In the distributed setup, the points \(p_{\text {cal},l}\) are constructed by applying the distributed mean to both points for each bin at each site:

  1. 1

    Set all \(b_1, \dots , b_{n_{\text {bin}}}\), and communicate them to the sites.

  2. 2

    Calculate the values \(c_{l, \text {pf}}^{(k)} = a_{\text {sum}}(\{\hat{f}(\varvec{x}_i^{(k)})\ |\ i \in \mathcal {I}_l^{(k)}\})\) and \(c_{l, \text {tf}}^{(k)} = a_{\text {sum}}(\{y_i^{(k)}\ |\ i \in \mathcal {I}_l^{(k)}\})\) for all \(l = 1, \dots , n_{\text {bin}}\).

  3. 3

    Send \(\{(c_{l, \text {tf}}^{(k)}, c_{l, \text {pf}}^{(k)}, |\mathcal {I}^{(k)}_l|)\ |\ k = 1, \dots , K, l = 1, \dots , n_{\text {bin}}\}\) to the host if \(|\mathcal {I}_l^{(k)}| \ge q\).

  4. 4

    The host calculates the calibration curve \(p_{\text {cal},l}\) by aggregating the elements \(\text {tf}_l = (\sum \nolimits _{k=1}^K |\mathcal {I}_l^{(k)}|)^{-1}\sum \nolimits _{k=1}^K c_{l,\text {tf}}^{(k)}\) and \(\text {pf}_l = (\sum \nolimits _{k=1}^K |\mathcal {I}_l^{(k)}|)^{-1}\sum \nolimits _{k=1}^K c_{l,\text {pf}}^{(k)}\) for \(l = 1,\dots ,n_{\text {bin}}\).

The distributed ROC-GLM

Two aspects are of relevance when building the distributed version of the ROC-GLM (distrROCGLM): (1) The distributed version of the empirical survivor function and (2) a distributed version of the probit regression. Figure 2 shows details of the general procedure. The starting point of the distributed ROC-GLM is the private data \(\mathcal {D}^{(1)}, \dots , \mathcal {D}^{(K)}\) on the K sites.

Fig. 2
figure 2

The distributed ROC-GLM procedure (distrROCGLM) calculates the distributed approximation \(\widetilde{\text {ROC}}_g\) of \(\text {ROC}_{g}\). The sites (here \(K = 3\)) communicate scores with added noise. Centrally, the global negative survivor function \(\tilde{S}_{\bar{D}}\) is determined and returned to the sites. Finally, the distributed probit regression operates on local intermediate data \(\mathcal {D}_{\text {ROC-GLM}}^{(k)}\)

The global survivor function \(\hat{S}_{0}\) is approximated by \(\tilde{S}_{0}\) (Approximating the global survivor functions section) using principle A2. The computation of \(\tilde{S}_{0}\) depends on the level of privacy induced by the \((\varepsilon ,\delta )\) DP parameters (Differential privacy section). The accuracy of the AUC as well as its CI depends on the choice of \(\varepsilon\) and \(\delta\). The global survivor function \(\tilde{S}_{0}\) is transmitted to each of the K sites and allows calculation of a local version of the intermediate data set \(\mathcal {D}_{\text {ROC-GLM}}^{(k)}\) (see The ROC-GLM section). The distributed probit regression complies with principle A1 and produces the distributed ROC-GLM parameter estimates (see Distributed GLM section). Using the ROC-GLM of these parameters, denoted by \(\widetilde{\text {ROC}}_g\), allows calculation of the approximated AUC, denoted by \(\widetilde{AUC}_{\text {ROC-GLM}} = \int _0^1 \widetilde{\text {ROC}}_g(t|\hat{\varvec{\gamma }})\ dt\). Finally, the CIs can be calculated based on a variance estimation, which also complies with principle A2 (see Distributed CIs for the AUC based on the Score function section).
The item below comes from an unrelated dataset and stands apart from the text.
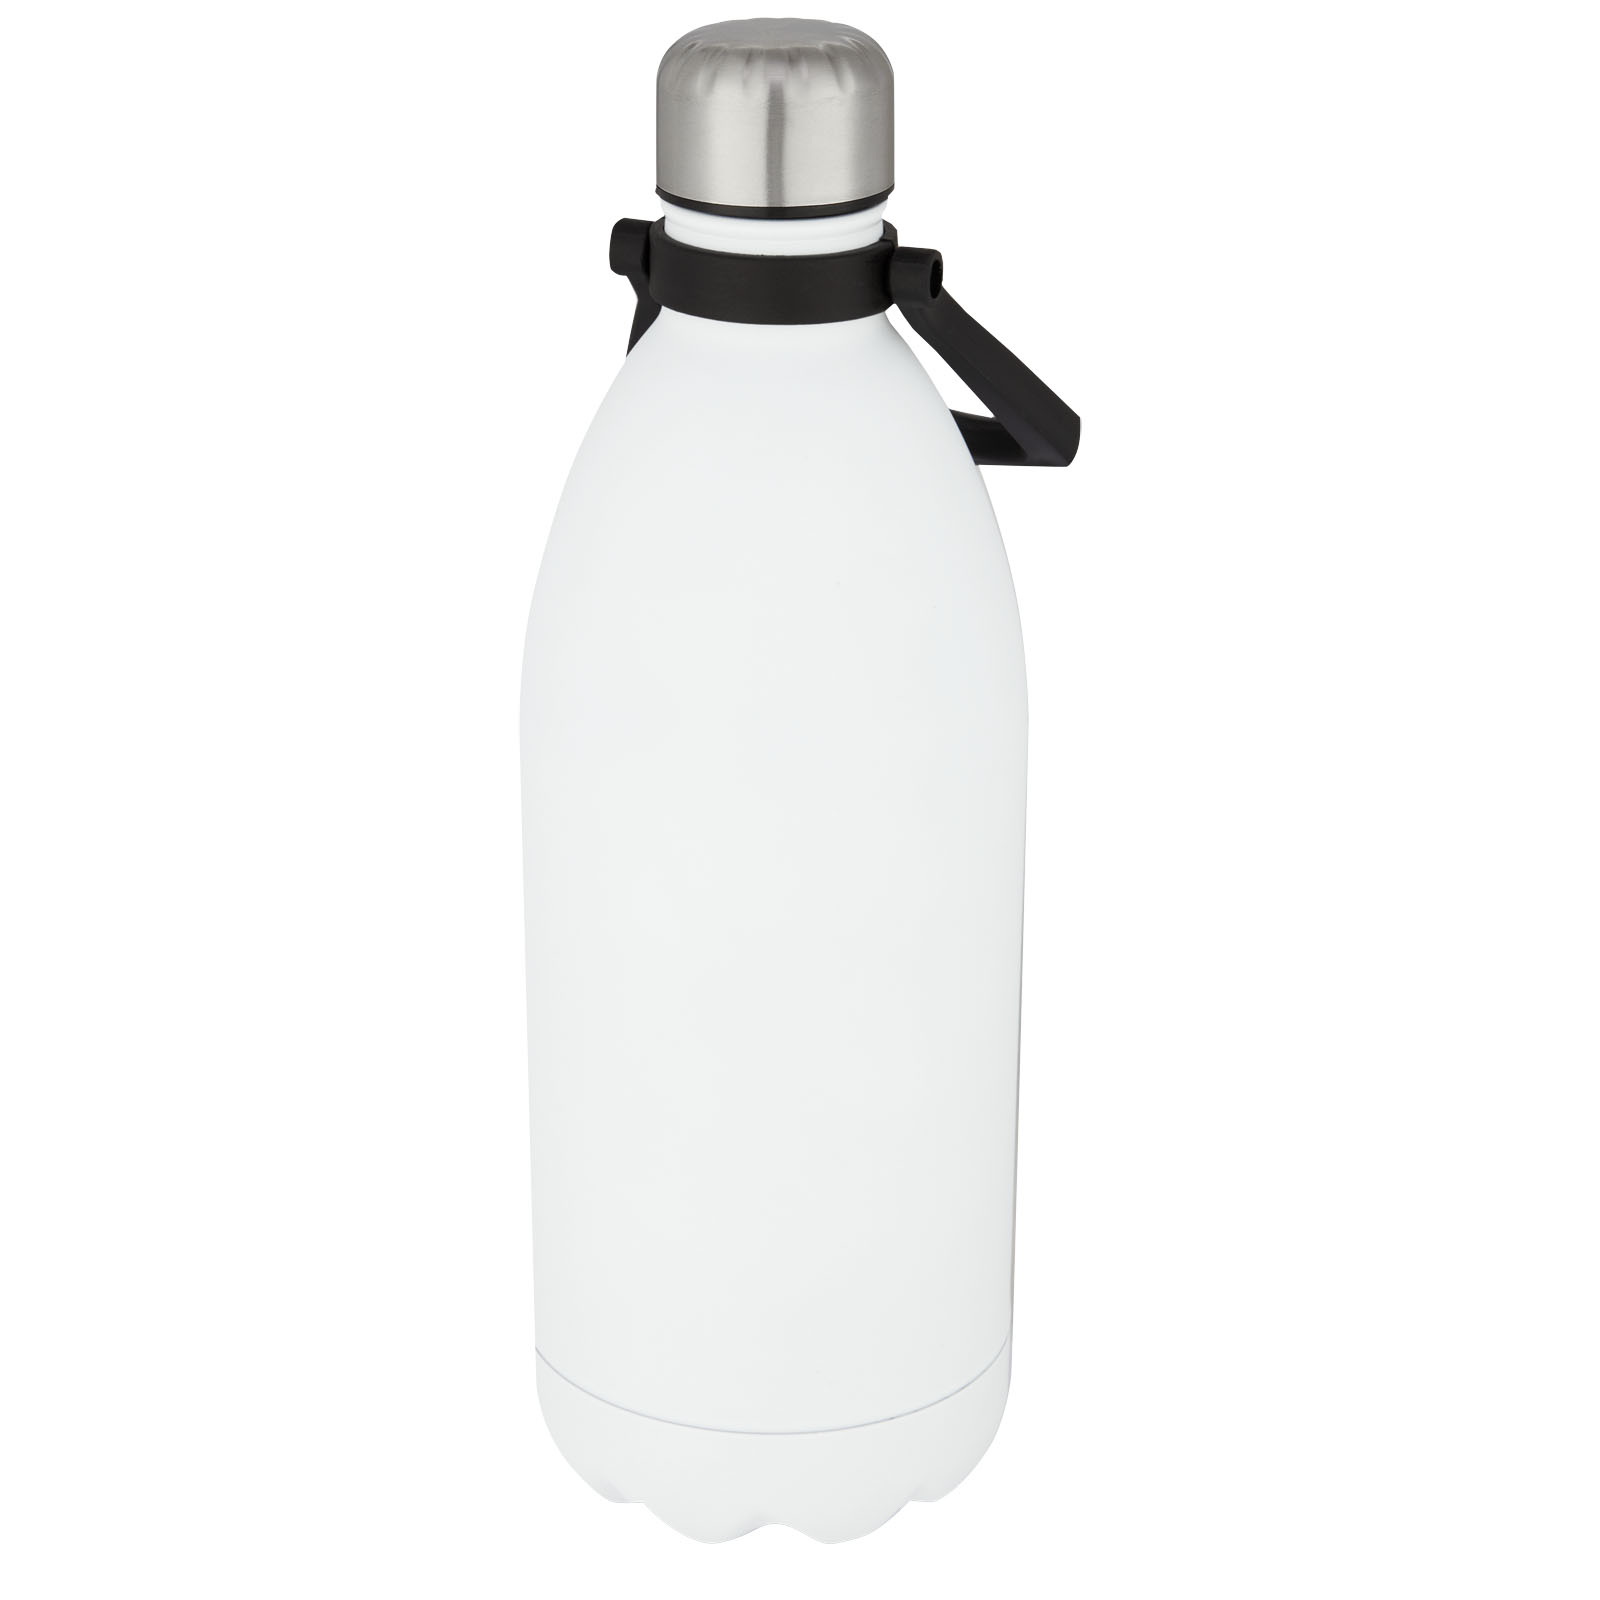 Advertising Insulated mugs - Cove 1.5 L vacuum insulated stainless steel bottle

The distributed GLM model building

Distributed GLM section describes the federation of the Fisher Scoring algorithm and explains how it can be applied under principle A2. Therefore, distributed privacy protected GLM model building does not pose specific challenges.

Approximating the global survivor functions

The privacy-preserving calculation of the global negative survivor function \(\hat{S}_{0}\) needs special attention. It is prohibited to directly communicate score values \(\mathcal {F}_{0}^{(k)}\) from the local sites to the central analyst. Instead, we propose to calculate an approximation \(\tilde{S}_{0}\): First, we determine the \(\ell _2\)-sensitivity of the prediction model \(\hat{f}\) and set the value of \(\varepsilon\) and \(\tau\). Then, we generate a noisy representation \(\tilde{\mathcal {F}}_{0}^{(k)} = \mathcal {F}_{0}^{(k)} + \varvec{r}^{(k)}\) of the original score values \(\mathcal {F}_{0}^{(k)}\) at each site. Second, the noisy scores are communicated to the host and pooled to \(\tilde{\mathcal {F}}_{0} = \bigcup _{k=1}^K \tilde{\mathcal {F}}_{0}^{(k)}\) to calculate an approximation \(\tilde{S}_{0}\) of the global survivor function. Third, \((\varepsilon , \delta )\) DP allows sharing \(\tilde{S}_{0}\) with all sites. Forth, the local sites calculate the global placement values and create the intermediate data set used by the distributed probit regression.

Distributed GLM

For distributed calculation of the GLM, we use an approach described by [14] and adjust the optimization algorithm of GLMs – the Fisher scoring – at its base to estimate parameters without performance loss. This approach complies with A1.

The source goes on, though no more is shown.